Ubuntu comes with iptables, the classic firewall most of the people in the linux community are using. It does it job at protecting against attack from the internet. Just a few words on Firewall, years ago I thought nobody would even try to attack my server as they were nothing of interest for anybody else. If you too think this, you have to understand internet is like walking down a minefield with plane constantly droping bombs in your server. If you don't have a bunker (aka a firewall), it would be like running naked in the middle of the minefield. Well, you'll get hit, then owned and ultimatly your server will participate in some larger attack that make big headline in the news: "The largest attack made against xxxx" or your server will be use to spam other people, that sort of things.

If you're infrastructure consist of one machine, iptables will likely be your only protection. That's why it's important to get this right. If you have many machines part of the same network, then you probably want to use a physical firewall, create a DMZ and a do bunch of enterprise stuff. However if you read this, you probably aren't in this case as you probably don't need a tutorial to show you all the basic things.

Tips: there's some tooling that was build around iptables, ufw seems to be a nice wrapper on top of iptables. In practise, you probably don't want to use it as I've seen some software (eg: docker) who edit their own iptables rules and those rules won't be seen by ufw.

Warning: Don't get locked out of your server while configuring your firewall. It already happenned to me multiple time, it's very easy to do if you don't double check and understand everything we'll do here. To avoid this, I would recommend to follow this guide and make sure you understand the script before launching it.

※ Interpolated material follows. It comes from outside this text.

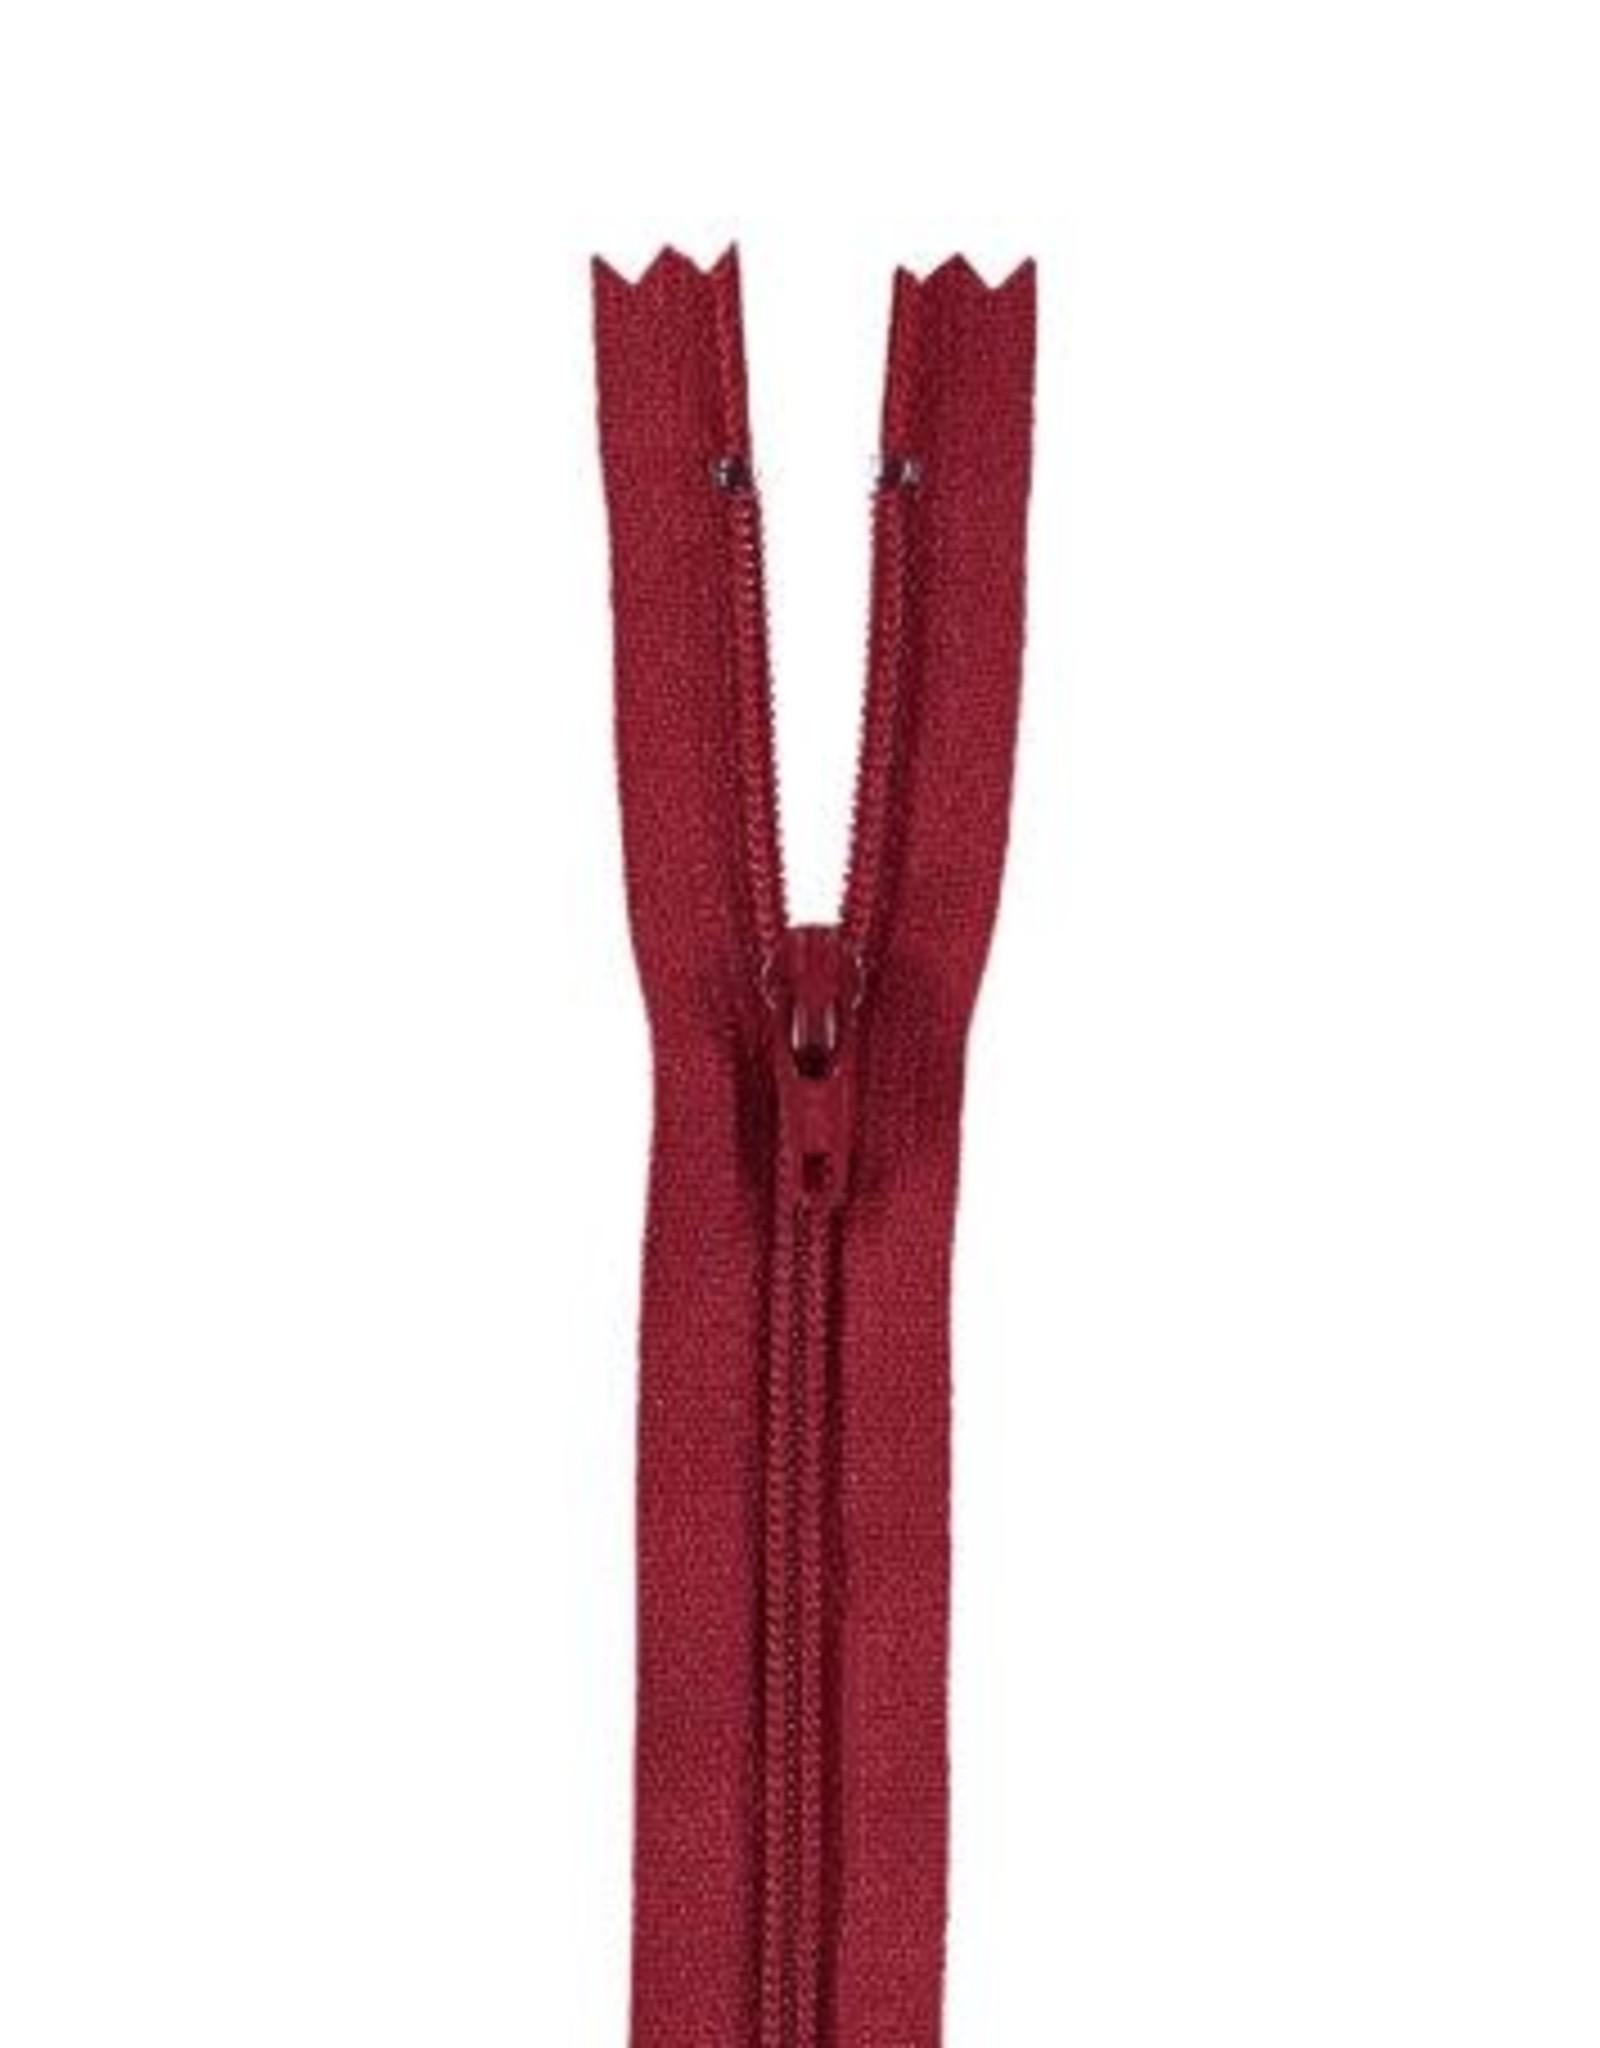 YKK Spiraalrits niet-DB 3mm donker rood 520-25cm

We'll first create our script and store it under /tmp/firewall.sh. To do this, log into your server and copy and paste this large command:

cat > /tmp/firewall.sh <<EOF
#!/bin/bash

# Flush current rules
iptables -F
iptables -t nat -F
iptables -t mangle -F
iptables -X

# block everything by default
iptables -P INPUT DROP
iptables -P FORWARD DROP
iptables -P OUTPUT ACCEPT

# allow SSH: replace your SSH port if needed
# in
iptables -A INPUT -i eth0 -p tcp --dport 8080 -m state --state NEW,ESTABLISHED -j ACCEPT
iptables -A OUTPUT -o eth0 -p tcp --sport 8080 -m state --state ESTABLISHED -j ACCEPT
# out
iptables -A OUTPUT -o eth0 -p tcp --dport 8080 -m state --state NEW,ESTABLISHED -j ACCEPT
iptables -A INPUT -i eth0 -p tcp --sport 8080 -m state --state ESTABLISHED -j ACCEPT


# allow HTTP
iptables -A INPUT -i eth0 -p tcp --dport 80 -m state --state NEW,ESTABLISHED -j ACCEPT
iptables -A OUTPUT -o eth0 -p tcp --sport 80 -m state --state ESTABLISHED -j ACCEPT

# allow HTTPS
iptables -A INPUT -i eth0 -p tcp --dport 443 -m state --state NEW,ESTABLISHED -j ACCEPT
iptables -A OUTPUT -o eth0 -p tcp --sport 443 -m state --state ESTABLISHED -j ACCEPT


###### 
# PROTECTION TO AVOID GETTING KICK OUT OF THE SERVER
# the idea is we will run this script, if the firewall is badly configure, it will be disabled after 120seconds so that you don't have to call support saying them: I lost access to my machine ....
# if everything is fine, then quit the script before the protection kicks in
sleep 120
echo "- PROTECTION"
iptables -F
iptables -t nat -F
iptables -t mangle -F
iptables -X
iptables -P INPUT ACCEPT
iptables -P FORWARD ACCEPT
iptables -P OUTPUT ACCEPT
EOF

Read this script and understand it first, making relevant change that apply to your specific use case. If you haven't made any special customization to the configuration I gave you earlier, you should be good to go:

sudo bash /tmp/firewall.sh
# wait for a few seconds
# then Ctrl-c to quit the script

3.4 A note about security

You might be tempted to install many things on your server right away. Keep in mind that the more tools you have the larger is your attack surface. Be very conservative about what software you want to install on your server.

4 Setup your apps

4.1 Achieve segregation between apps

The first thing here is why would you want to separate all the apps from each other? It's mainly to solve those problems:

  1. The version problem. A example would be with 2 apps that need 2 different version of PHP. yes you can fix this specific issue for PHP but if you have the same problem for go, node, python, …. you'll end up spending more time hitting your head on the wall trying to fix those and you probably have better things to do
  2. The security problem. If an attacker break into your server because one app has a security issue, he gains access to everything.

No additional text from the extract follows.